The fourth element, justifiable reliance on the part of plaintiffs, is likewise satisfied for purposes of this motion. Plaintiffs contend that they relied to their detriment on defendants' assertions that premiums were due on their insurance coverage. While ordinarily a plaintiff must exercise due diligence in discovering the alleged fraud, plaintiffs have also alleged a fiduciary relationship between defendant insurance agency and plaintiffs. Under Georgia law, the required degree of care to detect fraud is much less when there is such a confidential relationship between the parties. See U.S. for Use and Benefit of Meva Corp. v. Northeast Construction Co. of W.Va., 298 F. Supp. 1135 (1969). Based upon this fact, it is clear that it would be improper to decide as a matter of law whether plaintiffs exercised the required diligence necessary to maintain a fraud action. See Grizzle, 602 F. Supp. at 467 (Questions of fraud, bad faith and materiality of misrepresentation are normally for the jury.).

The last element, damages, is alleged by plaintiffs to be the expenses incurred as a result of having to borrow money that would not otherwise have been borrowed absent defendants' fraudulent conduct.
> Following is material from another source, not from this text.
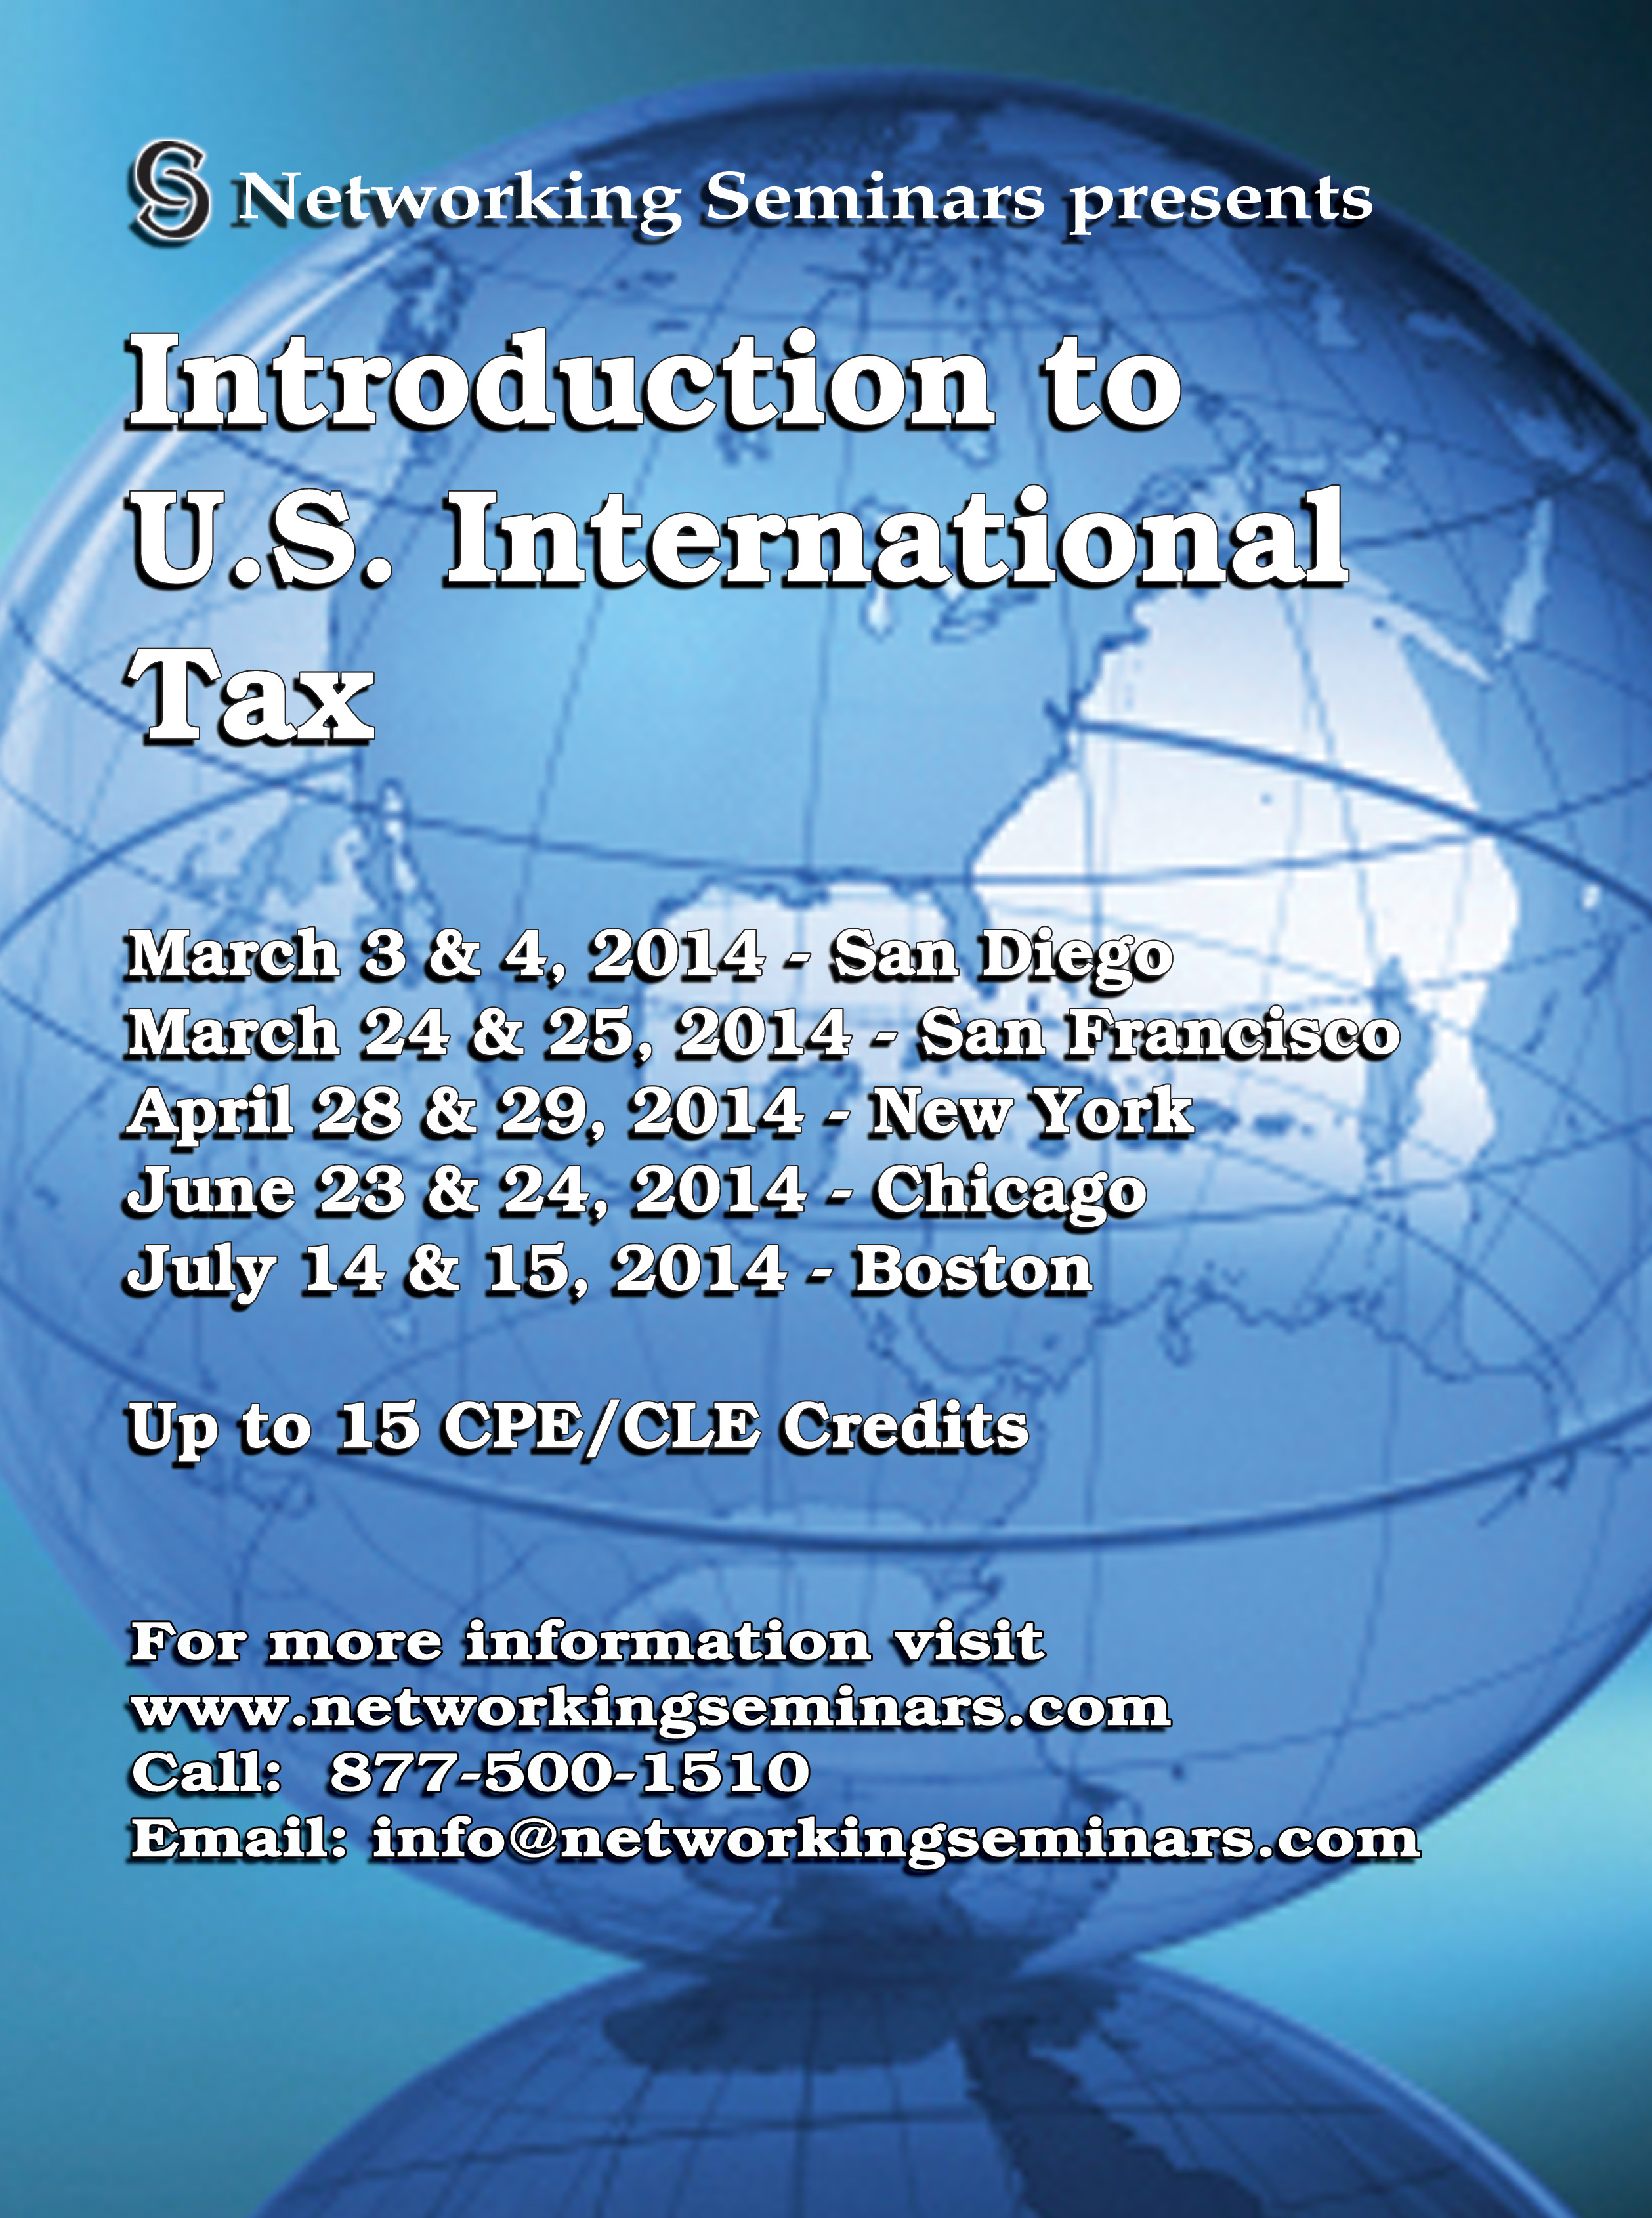 Introduction to U.S International Tax Seminar

These allegations, similarly, are not subject to summary disposition since it is clear that plaintiffs incurred additional expenses from the alleged fraudulently induced loans. Whether these loans were fraudulently induced, and, further, whether these expenses proximately resulted from this conduct is a matter for a jury to decide.

Finally, while defendant The Farmers Bank and defendant insurance agency did not participate directly in every act alleged to be fraudulent in this case, plaintiffs contend that defendants acted jointly in carrying out a scheme to defraud plaintiffs. If plaintiffs are capable of proving such a scheme, the acts of each defendant could be imputed to the other, and, thus, an intentional misrepresentation by one defendant potentially could bind the other in an action based upon fraud. Plaintiffs have presented evidence of a close business relationship between defendant bank and defendant insurance agency. Plaintiffs have also stated that defendant bank required them to purchase insurance from defendant insurance agency prior to giving them loans. While defendants dispute that this requirement was made, it has not been disproven as a matter of law. Thus, plaintiffs have demonstrated a genuine issue of fact as to whether defendants acted jointly in allegedly defrauding plaintiffs.

Viewing the facts most favorably to plaintiffs, therefore, Mr. and Ms. Hubbard have sufficiently shown this court that there is a genuine issue of material fact as to whether defendants' conduct was fraudulent. Accordingly, defendants' motion for summary judgment is hereby DENIED. Fed.R.Civ.P. 56(c).

NOTES

[1] The court notes that while Georgia law would allow plaintiffs to refile their state claims in a state court upon a voluntary dismissal of the claims in this court, the court believes, based upon the foregoing, that it would be inequitable to all the parties to require a dismissal of the state claims at this time. See O.C.G.A. § 9-2-61 (1986).